Safe. I, there was no nerves, there was no anything. I just, there is an atmosphere of support and comradery and love that’s here. I think that it’s really become a kind of a refuge. It’s become a green pasture for people to come find one another. And so many times there’s a solace, there is a restoration just in finding someone else that’s experienced what you’ve experienced to know that there are people from all over the country, all over the world who have experienced these same things and they’re uniting in Christ, but healing.

And I just think it’s a beautiful experience. It’s not that we don’t love the church, it’s actually that we do love the church very much. And that’s why we’re having these kinds of conversations. It makes me feel less alone when I can talk with someone who’s had a shared experience like that. It was so cool to see, the room is packed and folks are eager to engage.

They’re encouraged, but they’re also encouraging one another. And I believe that this is so good because the need is so great. This conference is not only for those who’ve been victimized and hurt, but it is for people who want to be the answer now to what sadly, the church in the last 30 to 40 years has covered up and those who want to be.

The on the cutting edge of how God is moving to vindicate to show his justice, to bring his healings. I just so believe in the power of story and we need to unite. And so I just would welcome any survivor to come and know that you’ll be loved. You’ll be heard. You’ll be seen. And this is just a safe place for all of us.

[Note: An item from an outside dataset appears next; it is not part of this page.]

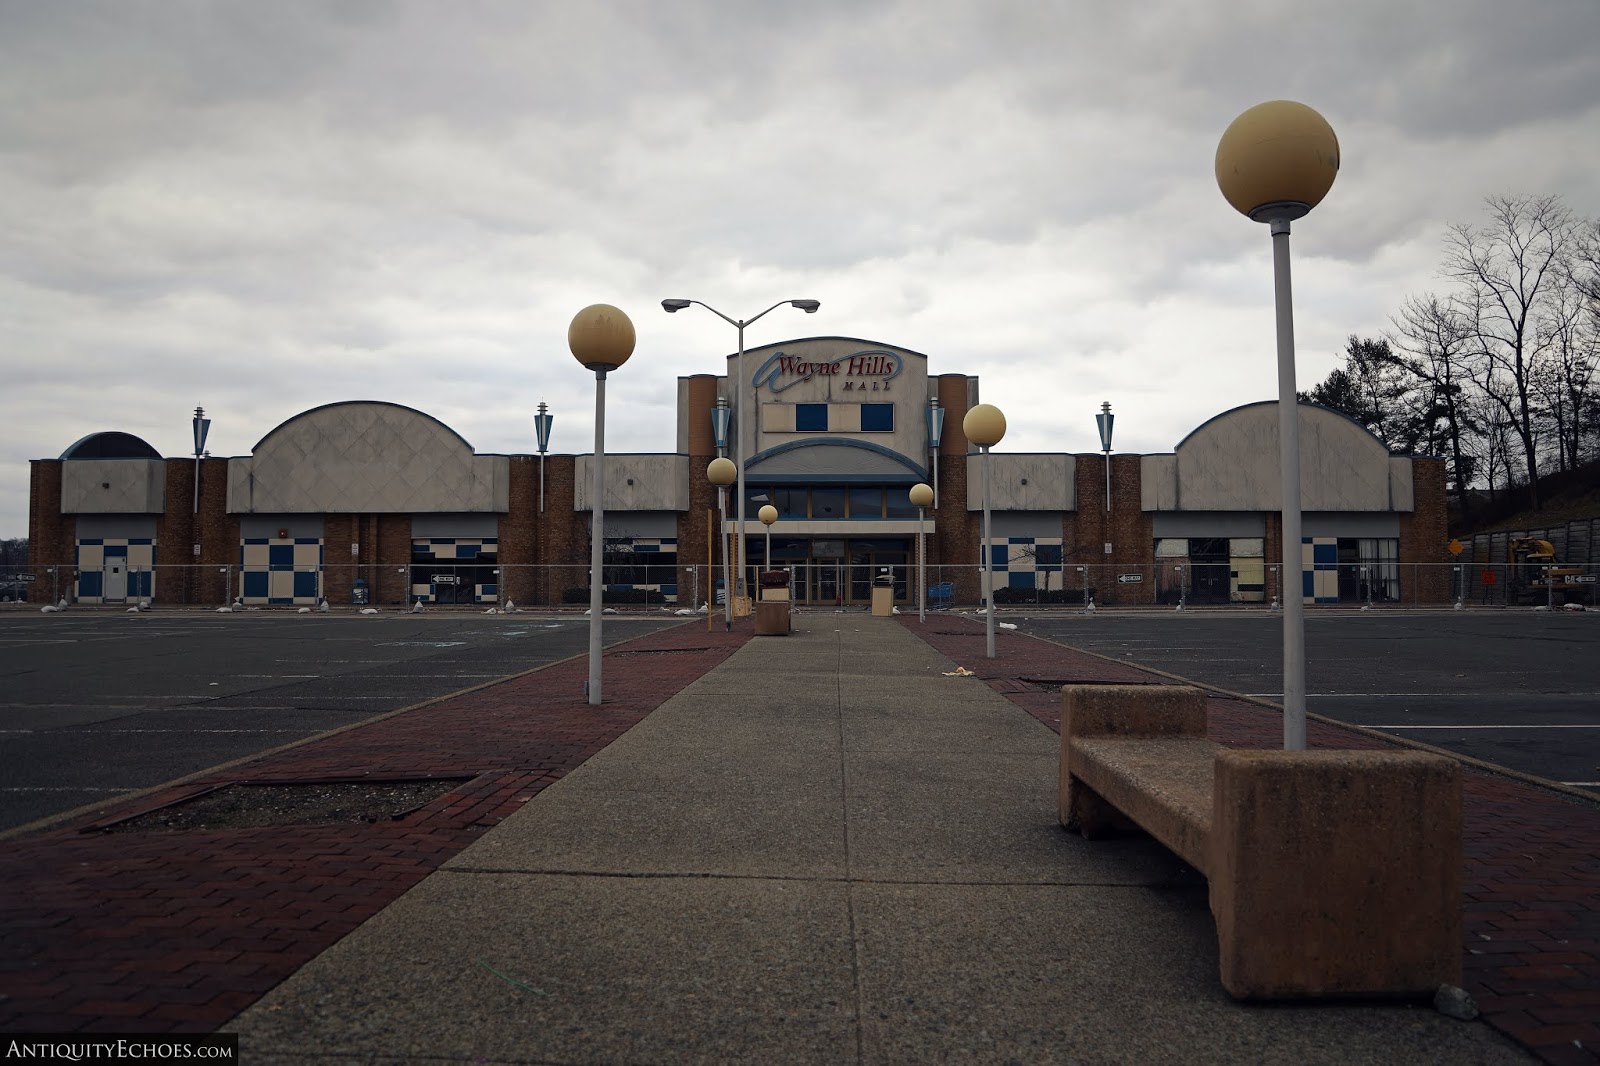 Antiquity Echoes: The Wayne Hills Mall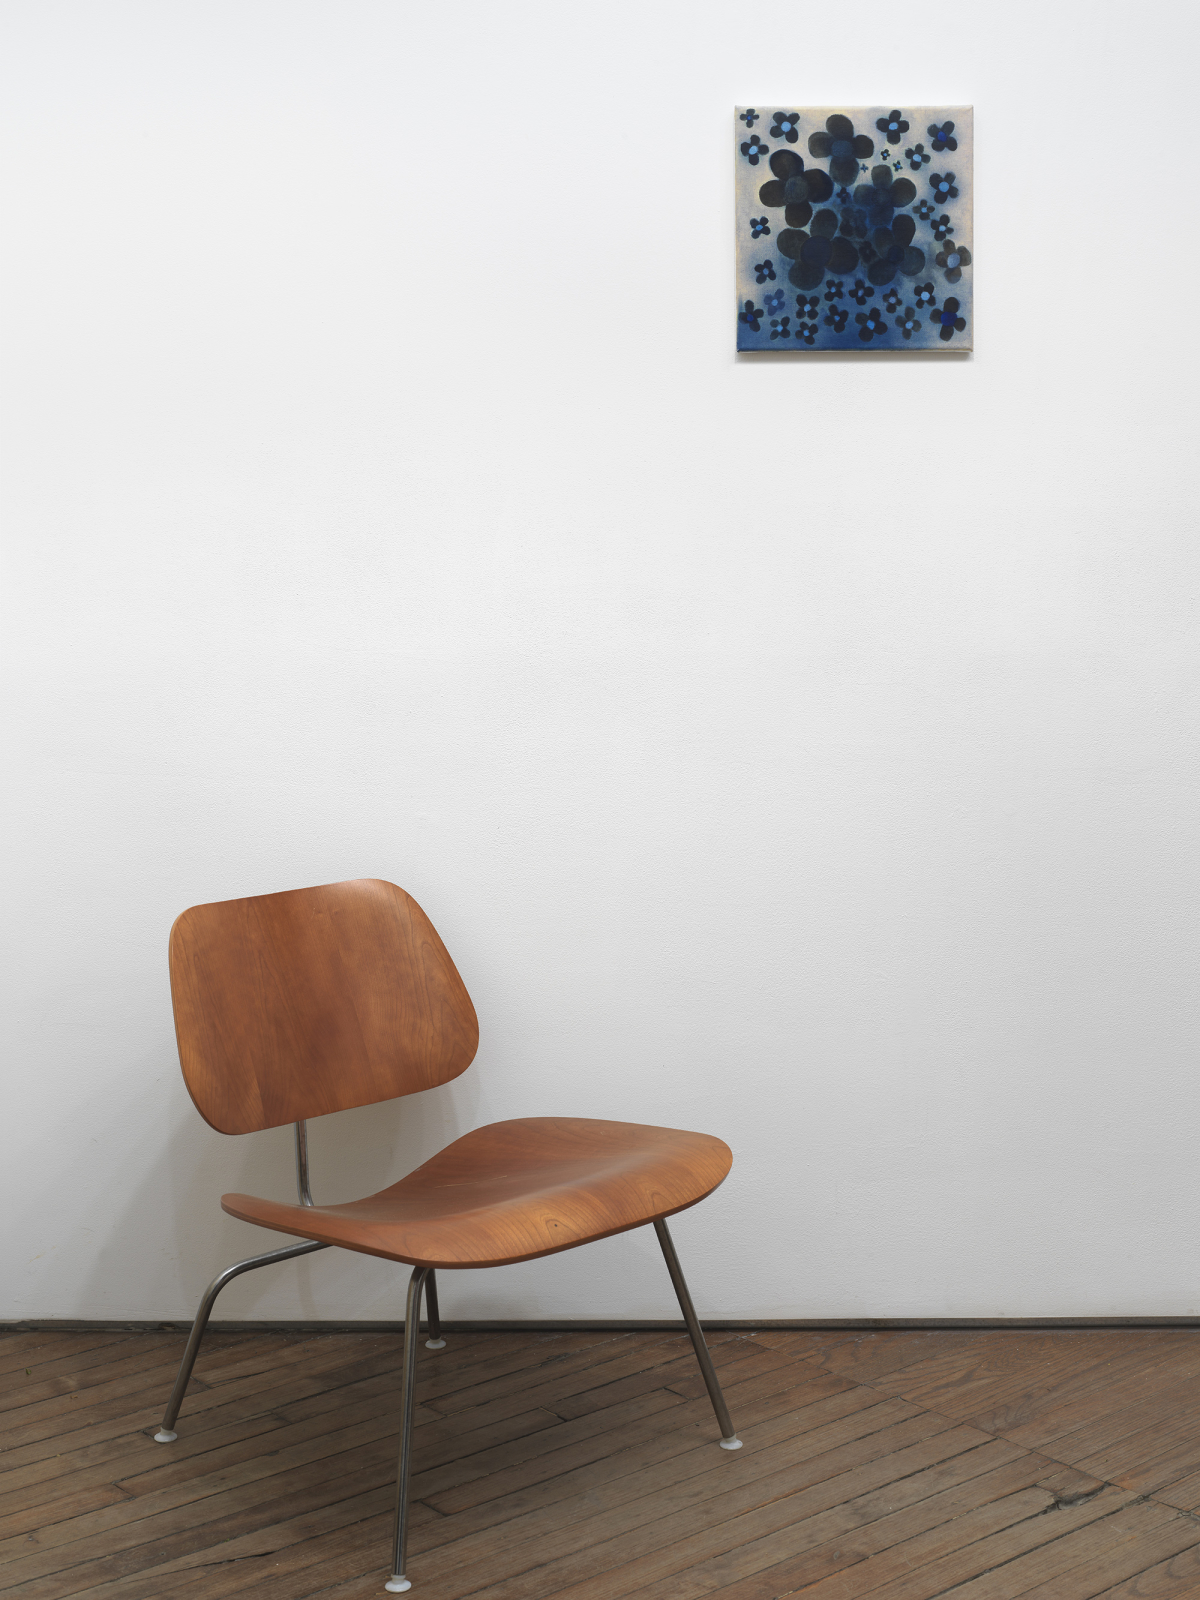 A small square abstract painting depicting graphic flowers in black and blue. Below is a chair.

Julie: We celebrate what God is doing. We celebrate that the, those that have been hurt and wounded by the church, that there’s a place that they can come that’s safe and they can find healing, and they can find community and they can be ministered to. We celebrate that. It is so amazing and at the same time. We grieve that, right?

How sad is it that we need to have a conference for people who have been wounded by the very place, the very institution that should be ministering, healing to them.